Alice had only realized how using those two particular identifying traits in such a negative tone might have seemed when the Hatter flushed to an almost purple-red, and his brilliant green eyes fixed themselves onto the floor. When he'd spoken, he did not raise his face to look at her. It seemed he'd noticed her use of the present tense, though, for he'd said, in a carefully measured tone:
“Are you? Attached to him, I mean?”
“No!” Alice had insisted, shaking her head in vehement denial. “If I were as attached to him as everyone seems to think I should be, I would have accepted his proposal of marriage two years ago!”
Burning, raging, sulfuric irises had been the Hatter's response—that had gotten him to look at her once more! “He proposed to ye? That no-good, weak-limbed, hand wringing child actually thought he was worthy of asking ye for yer hand in marriage?”

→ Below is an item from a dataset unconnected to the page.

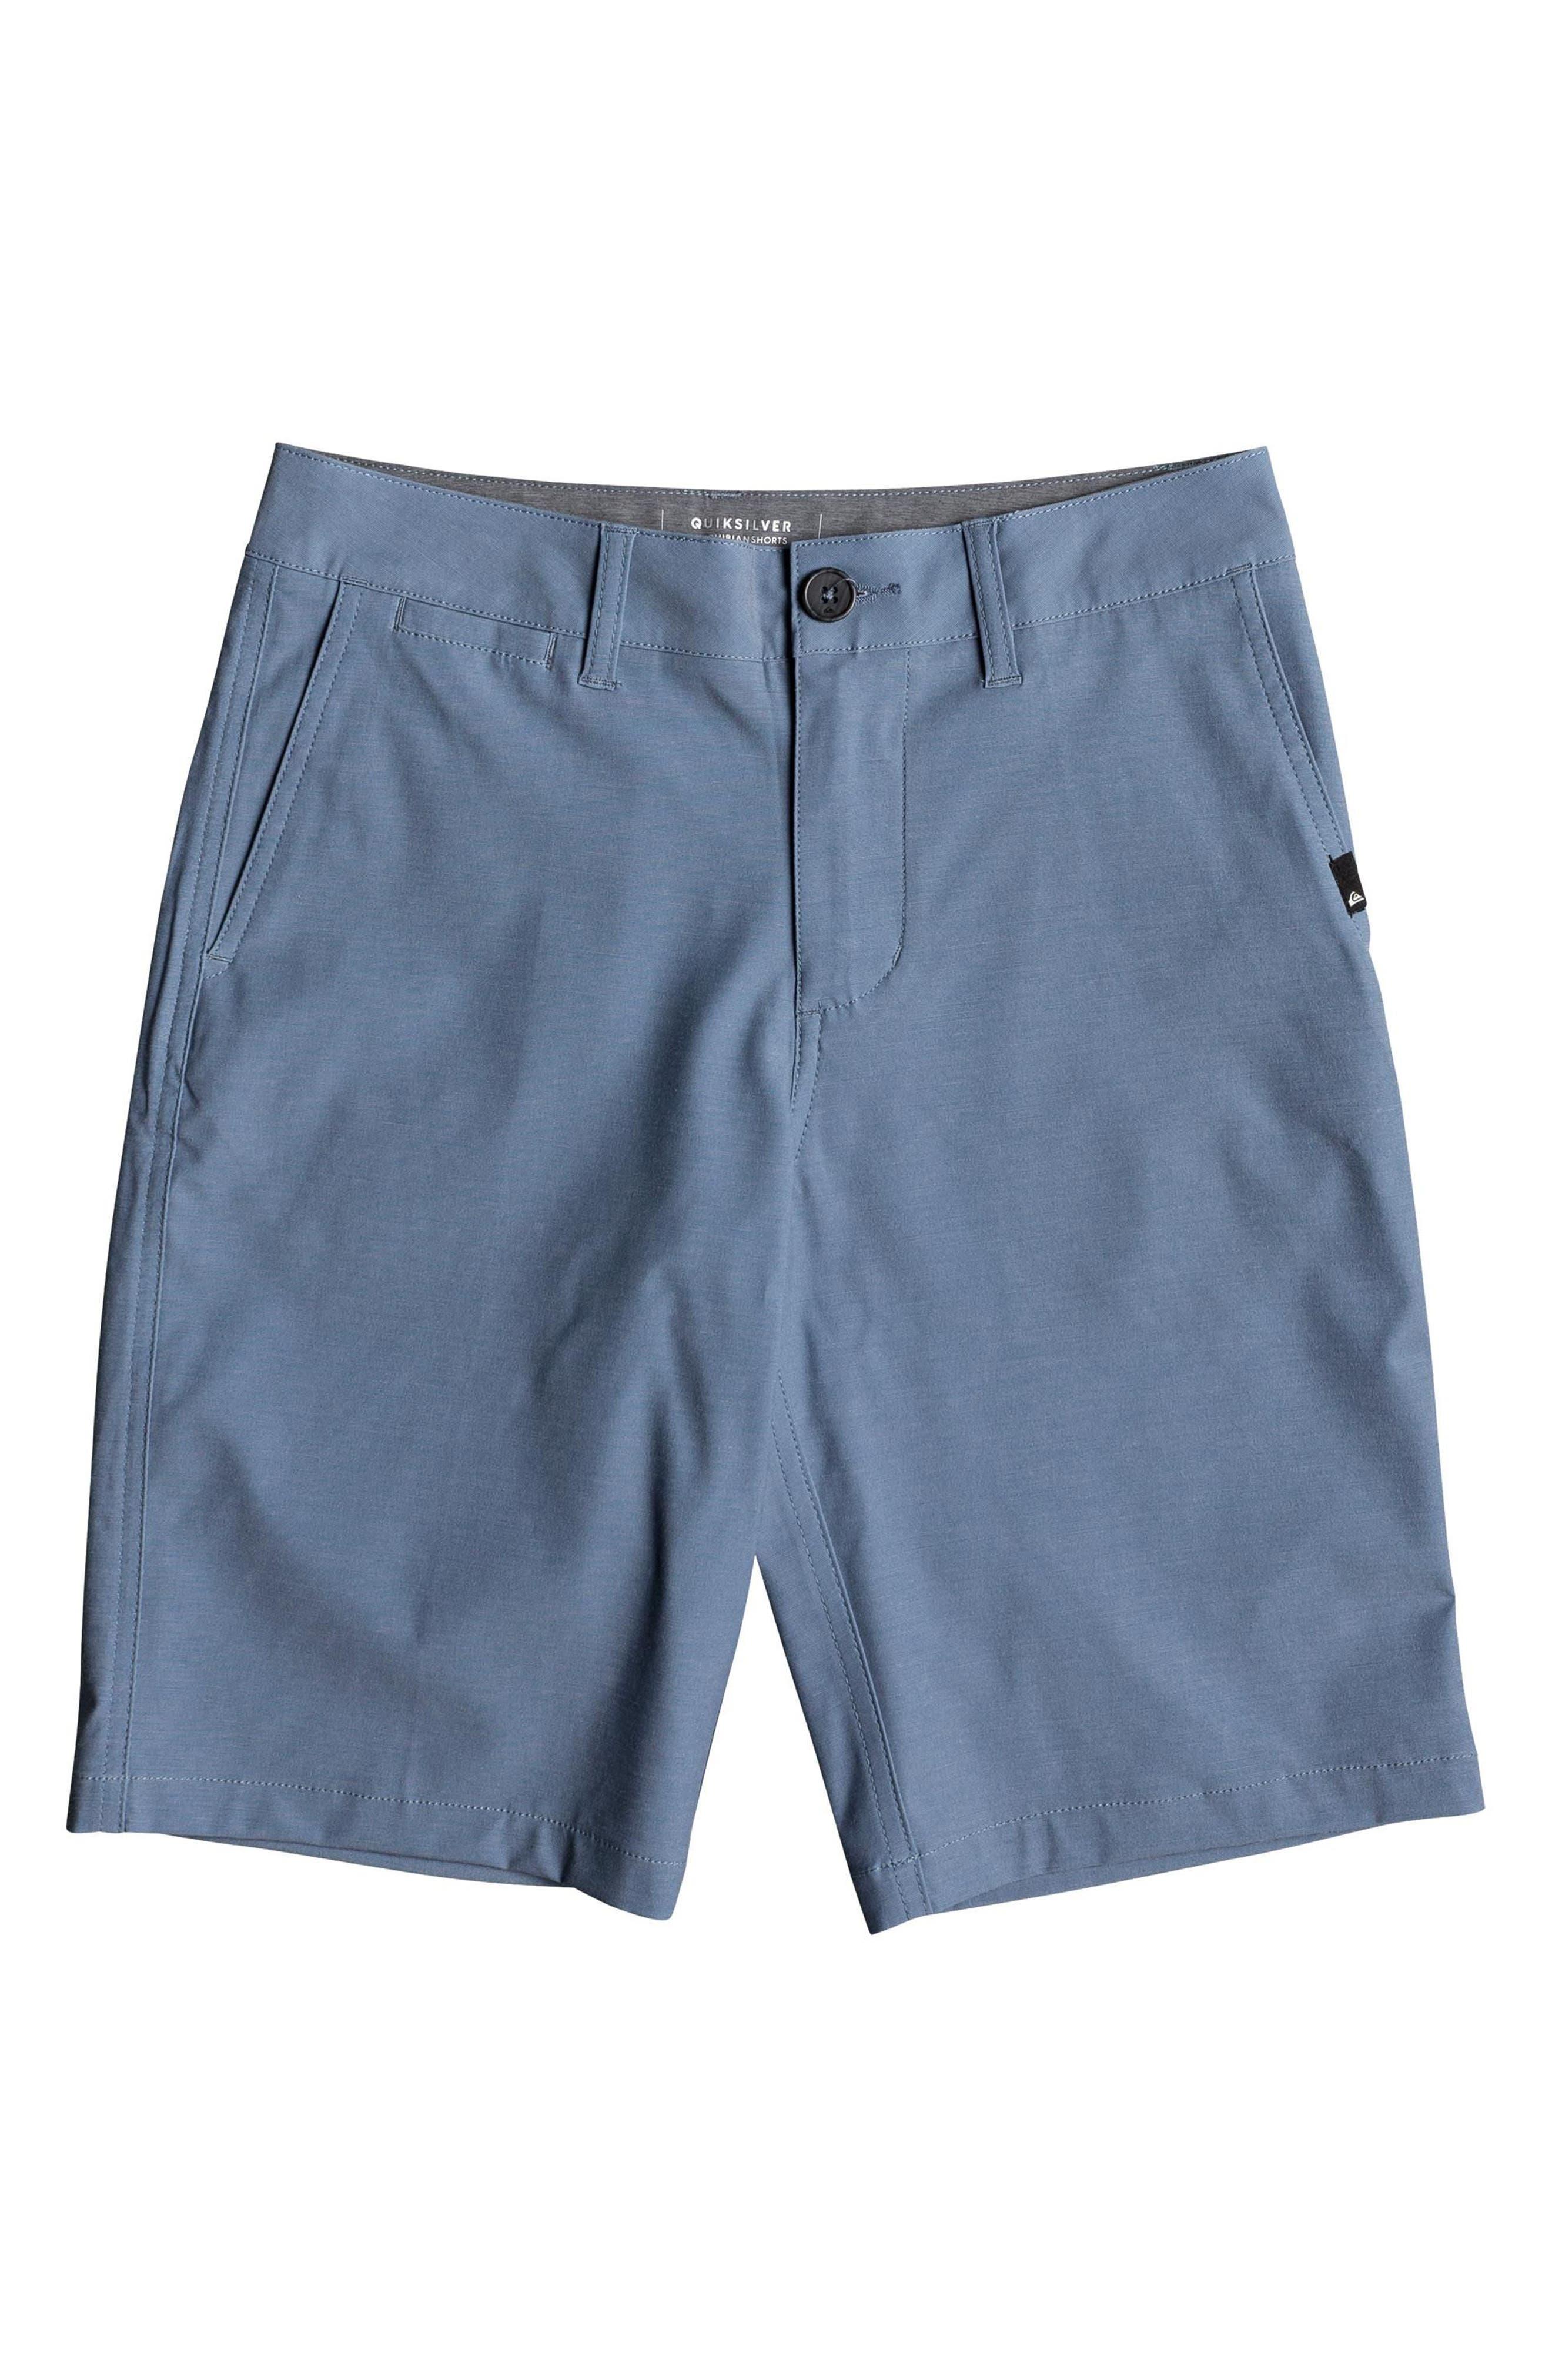 Quiksilver Union Heather Amphibian Hybrid Shorts (Big Boys)

“It was what caused me to follow McTwisp down the rabbit hole, actually,” Alice had told him. “He found me just as Hamish went on bended knee. I probably would have told him yes, if I hadn't seen that Rabbit right then. It was what everyone expected of me. Instead I chased the Rabbit, fell to Underland, and regained my muchness.”
“That was what you had to answer,” Tarrant had guessed. “You had to leave Underland to tell that boy that you didn't wish to marry him.”

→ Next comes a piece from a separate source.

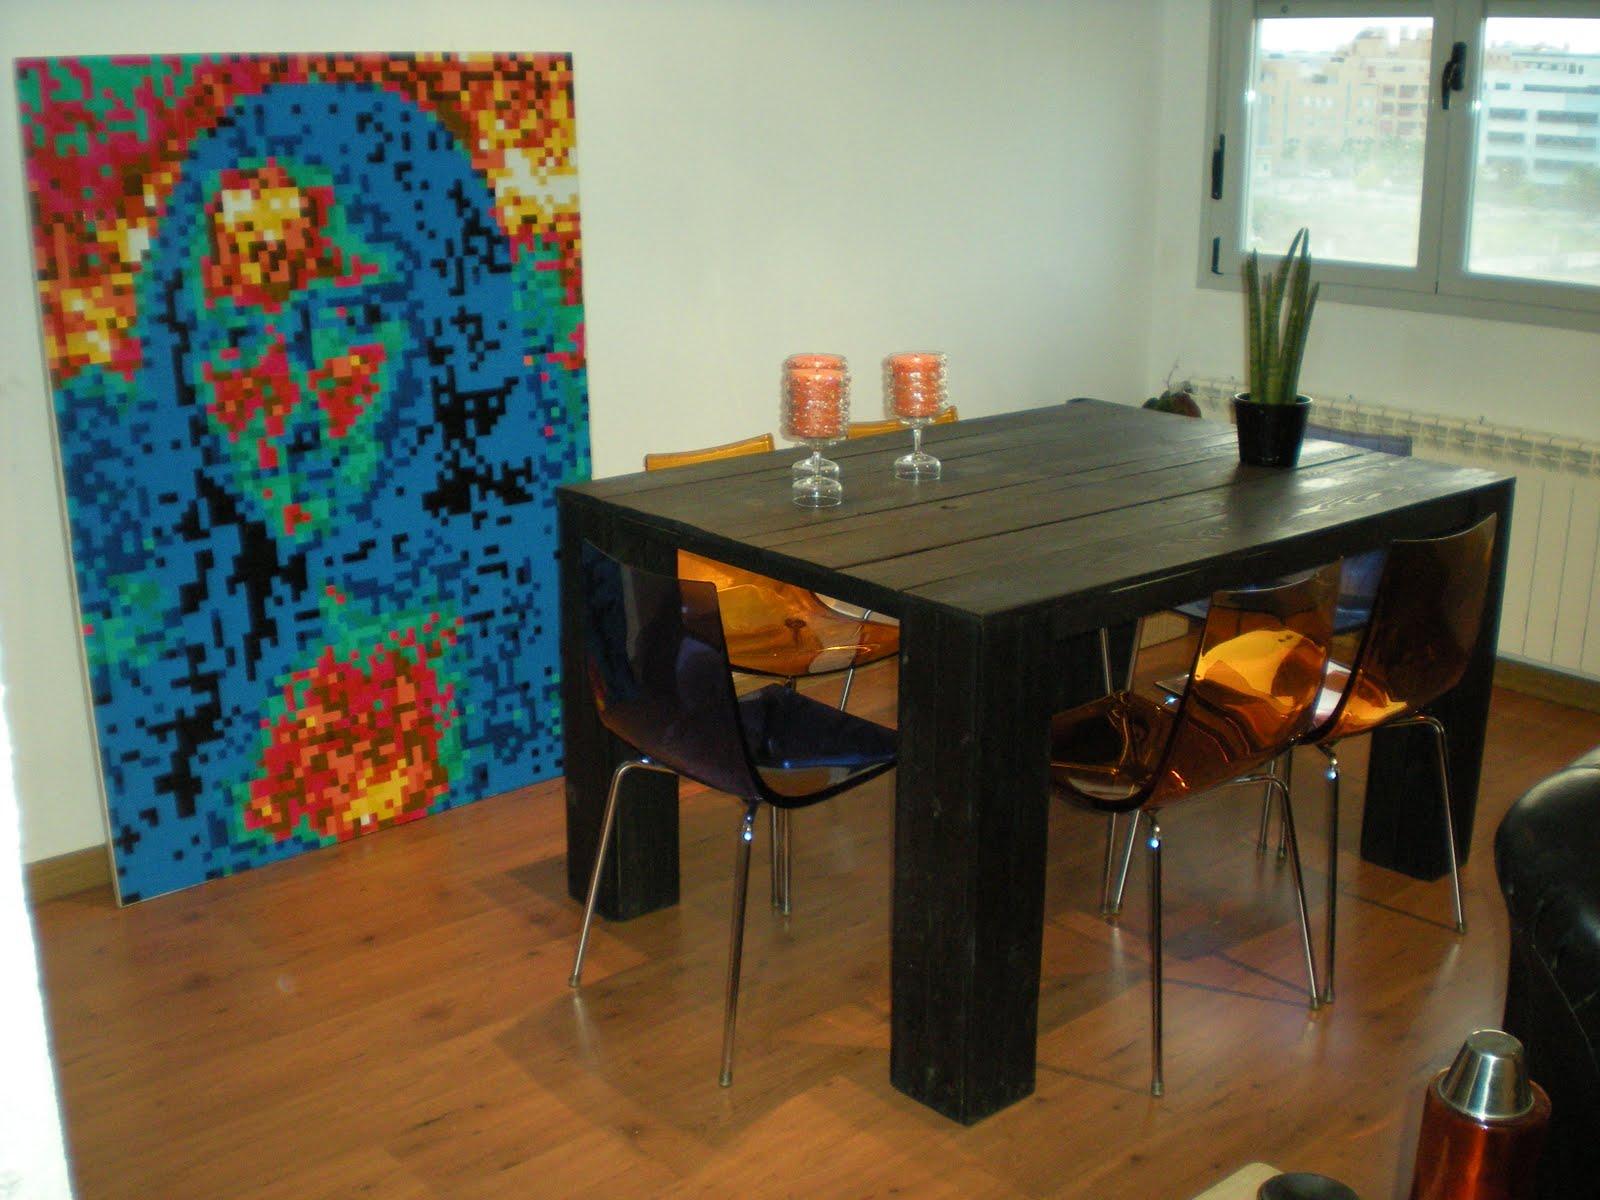 Economic creativity mesa de madera reciclada - Mesas madera reciclada ...

“That, among other duties called me, yes. You may call him a boy, Hatter, but he's an honorable man, if a bit boring; he deserved an answer.”
Tarrant had deflated at this defense. He'd looked about, as if just realizing they were still in his room. “Shall we resume our tour?” he'd asked, cementing the change in subject by holding out a hand. Alice took it.
“As long as my long lost friend can come with us,” she'd said, holding the skunk up in illustration.
He'd smiled. “But of course,” he'd said, and together they'd gone about the rest of the house, Tarrant's laughter and slowly renewed cheer warming her from the inside out.
Come to think of it, what would Alice tell her mother? That she thought that...possibly, she could be falling in love with...?
“Penny for your thoughts, Alice,” Tarrant broke in, interrupting the letter she'd been crafting to her mother in her head.
Blushing, she replied, “I should like to think they're worth at least a pence...but it's nothing, Tarrant.” Standing, she extended her hand to him, and helped him stand. “Shall we go back to the house? I have a letter to start writing.”
Although what she was going to put in it, Alice hadn't the slightest idea.
“Windmill House?” Tarrant seemed surprised. “I thought you would wish to travel to Marmoreal and view her through the glass?”
“I...not today,” she finally told him, after another quiet-filled moment.
“Alright then,” Tarrant nodded, still holding onto her hand. He tucked it into the crook of his arm, and said, “A letter it shall be then. But you know, you only have to ask...I should have offered before, but I thought...and you never mentioned it, so my belief was that you'd no wish to...but that's a ridiculous notion, that you'd not wish to see your family, and conceited, to boot, to think that I would...”
“Hatter,” Alice said firmly. “It is quite fine.” He subsided, but his chin still tightened in a show of doubt. “Honestly!” she insisted, and in a rush of muchness, reached up to pet his jaw, to soothe away the tension there. Her fingers rounded and chucked him under the chin. A look burned through his eyes—a look that she'd seen a fair few times before since returning to Underland, starting with when she'd licked the ring on her finger that first day—and he leaned towards her, his mouth soft and half-parted. Alice closed her eyes, took a deep breath, and held it (Was he going to close the distance between them? Did she want him to?) when Tarrant abruptly cleared his throat. Her eyes popped back open to see him shaking his head as though to clear it.
“A-After you, Alice,” Tarrant said, nodding towards the house. Snapping her mouth shut before a string a disappointed expletives could issue forth, the blonde instead exhaled strongly through her nose, and nodded to herself, before tugging gently on his arm and leading them back to the Windmill.